Only the lines below, from the one with "Tampere, Finland - August" through the one with "Brown Sugar Pecan", are to be written out, exactly.

(DATA PROVIDED Opens)

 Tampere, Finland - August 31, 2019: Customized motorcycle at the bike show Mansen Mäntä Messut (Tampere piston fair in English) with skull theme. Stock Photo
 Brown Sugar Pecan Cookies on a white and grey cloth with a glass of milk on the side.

(DATA PROVIDED Closes)
(DATA PROVIDED Opens)

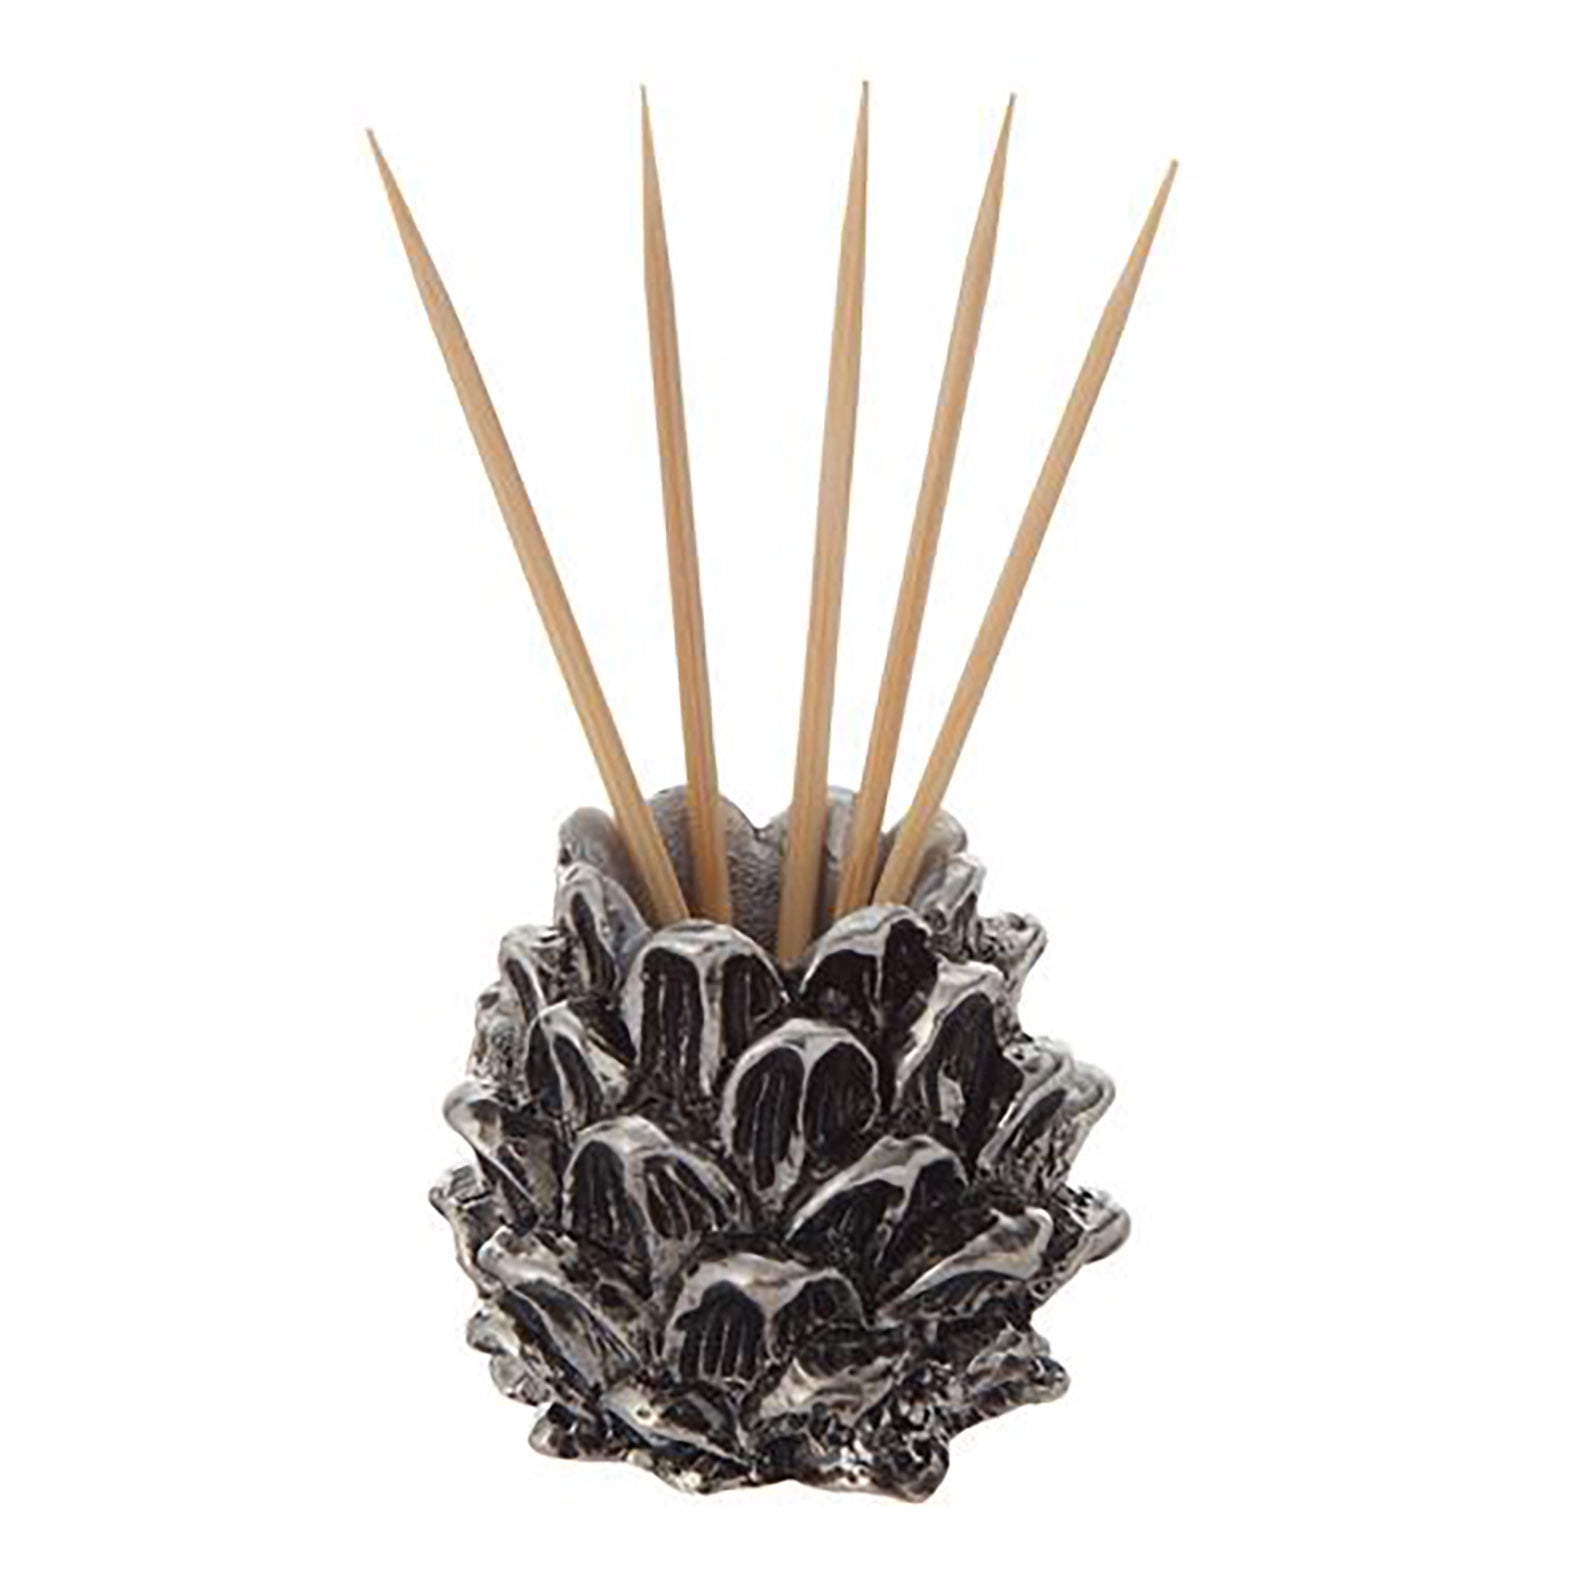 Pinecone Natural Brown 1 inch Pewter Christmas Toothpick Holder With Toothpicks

(DATA PROVIDED Closes)

- SOLUTION BELOW:
 Tampere, Finland - August 31, 2019: Customized motorcycle at the bike show Mansen Mäntä Messut (Tampere piston fair in English) with skull theme. Stock Photo
 Brown Sugar Pecan Cookies on a white and grey cloth with a glass of milk on the side.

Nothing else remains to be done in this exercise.